FASB Votes to Delay Rule on Options

Members of the Financial Accounting Standards Board voted Wednesday to give public companies another six months to implement the board's proposed standard for expensing employee stock options.

After weighing input from preparers who said that they needed more time to meet the demands of Sarbanes-Oxley, FASB agreed to delay by six months the effective date for public companies to implement the controversial proposal that would require companies to expense the value of the stock options that they grant to their employees.

"What the board had to weigh up was the consideration of how the investor community was eager to have the effective date as soon as possible, whereas preparers felt they needed more time in order to implement any new standard," FASB spokesman Steven Getz told WebCPA. "What ended up influencing the decision, in part, was that the board felt that companies are feeling a lot of pressure to implement Sarbanes-Oxley 404 for the first quarter, combined with the fact that the board wanted to be sure to give companies sufficient time to absorb the new standard and to apply it appropriately. The board felt that delaying the effective date by six months is the best position to take."

Among those who have publicly expressed support for delaying implementation of the rule is Securities and Exchange Commission chief accountant Donald Nicolaisen, who noted that companies and auditors are busy putting in place new financial control systems to meet the SOX requirements.

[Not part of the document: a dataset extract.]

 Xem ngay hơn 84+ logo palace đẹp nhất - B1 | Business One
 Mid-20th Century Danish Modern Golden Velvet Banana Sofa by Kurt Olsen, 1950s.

The board's exposure draft, issued in March, proposed an effective date for public companies for fiscal periods beginning after Dec. 15, 2004. But at their meeting this week, accounting rule makers decided that the proposed rule should become effective for fiscal periods beginning after June 15, 2005. The effective date for non-public companies, proposed in the exposure draft to be a year after the date for public companies, remains to be determined, according to Getz, who said that the board will address that issue at a future meeting.

FASB also agreed to allow for modified retrospective application going back to the beginning of the fiscal year for companies that wish to implement the rule early.

Getz said that the board is still on track to issue its final statement by year's end. "It could be as early as the end of November or as late as the beginning of December," he said.